Six herbs and nutrients that support immunity

Herbs and nutrition have been harnessed for their health benefits by people around the world since time began. With the Australian winter nearly upon us, and given the current pandemic, here are some herbs and nutrients that have been widely used to support the immune system, reduce risk of infection and minimise symptoms should an infection occur.

A healthy, varied diet, enough sleep, managing stress, adequate physical activity and not smoking support immunity.


The basics

The cornerstone to good health and to supporting your immune system is enjoying a healthy, varied diet, getting enough sleep, managing stress, getting enough physical activity and not smoking. In addition, several herbs and supplements may also be used to support immunity. Check with your healthcare practitioner before taking supplements and if any symptoms persist.
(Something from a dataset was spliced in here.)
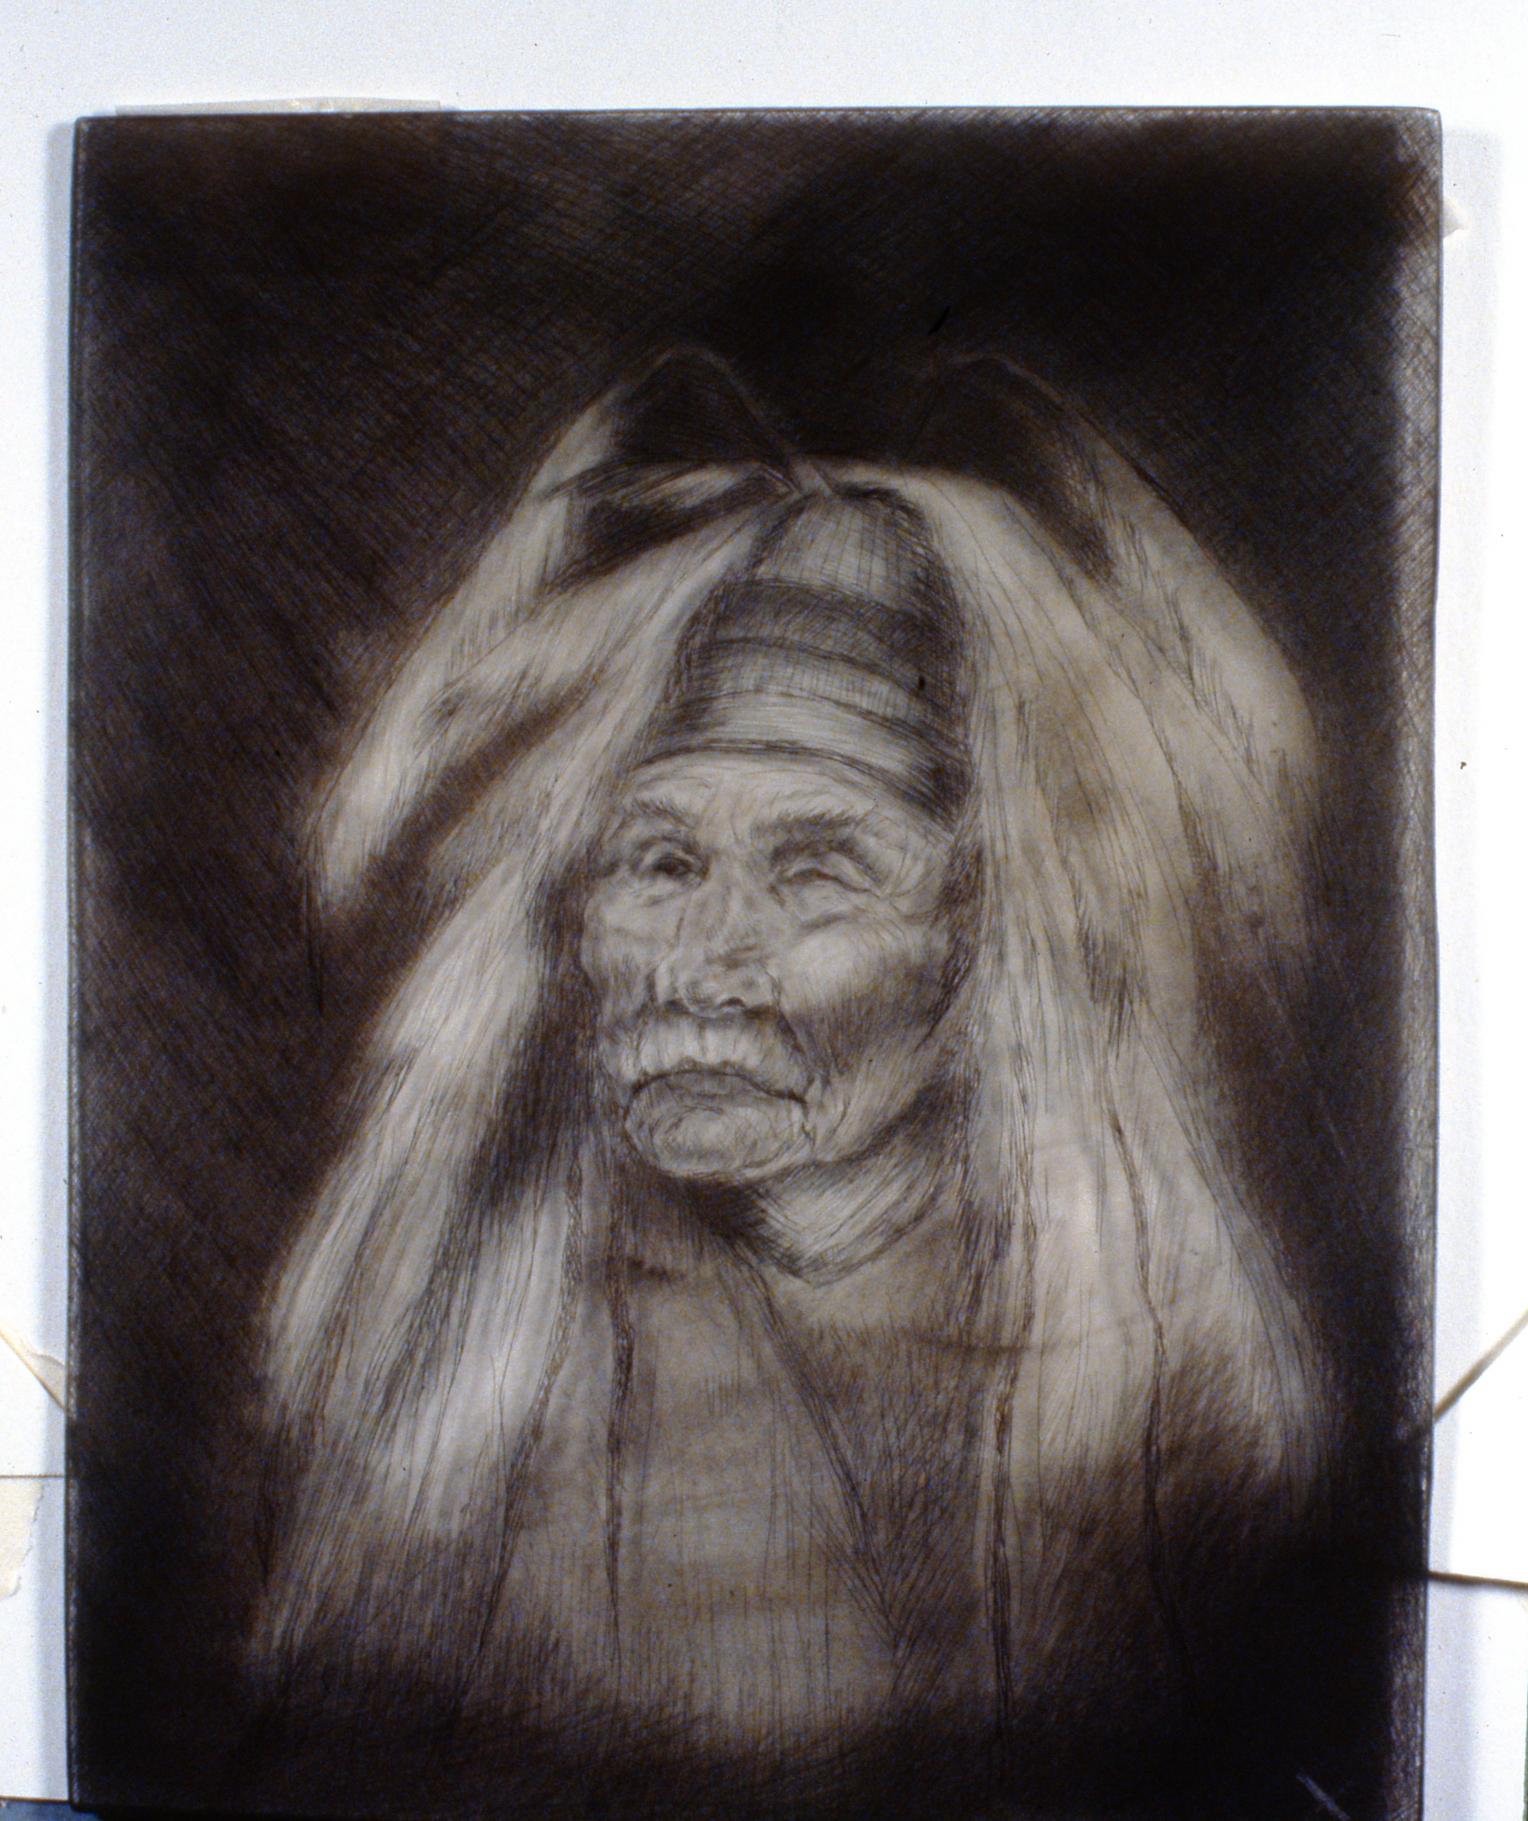 Shaman, 1980, Minn Sjølseth, retired plate (plastic), 25 x 20 cm, 1996.02.14

Because COVID-19 is a novel virus, there are no proven treatments or preventative therapies including supplements, medicines or foods that are known to protect us. Until the virus is better understood, limiting community exposure through social distancing or isolation where appropriate, and practicing good hygiene are vital to limit the spread.

Your immune system

Like other body systems, your immune system is complex. Many cells and tissues make up your defence system from your skin to your gut and even eyelashes and white blood cells. Every area of the body is supported – so you could consider your body as your castle and your immune system as the soldiers that patrol and defend every part of your body. 

Keeping your immune system in balance is important at every age and every stage of life. And, traditionally, a number of herbs and nutrients have been used to support the immune system – feeding and supporting your internal soldiers.

1.        Astragalus

Native to China, Korea, Mongolia and Russia, the herb Astragalus has been used since the second century AD to support the immune system, and recent study has shown it supports immunity at the cellular level. This herb is an adaptogen which means that it helps to support the body's reaction to stress. Astragalus root extract is traditionally used to promote a healthy immune system, increase resistance to infection and relieve fatigue.

2.        Andrographis

Used widely in Ayurvedic medicine and traditional Chinese medicine for its anti-inflammatory properties, Andrographis contains andrographolide, a terpenoid compound shown to have antiviral effects, including against those that cause respiratory infections. When taken at the first sign of cold symptoms, Andrographis may help to prevent a cold from developing with full force. Andrographis may help to ease the symptoms of upper respiratory tract infections. It might also prevent influenza viruses from binding to cells in the body, although more research is needed to understand its effectiveness in treating the flu. It can be used to relieve symptoms of treat mild fever, the common cold and sore throat.

This herb is not recommended for use in pregnancy and breast feeding.  There is a small possibility of developing taste disturbances when using Andrographis products so follow the label instructions. 

3.        Echinacea

Echinacea is a daisy-like plant and has been used by Native Americans for centuries.  There are 2 main species used - Echinacea purpurea and Echinacea angustifolia. Various parts of these different Echinacea species are active in different ways; which is why they are frequently used together.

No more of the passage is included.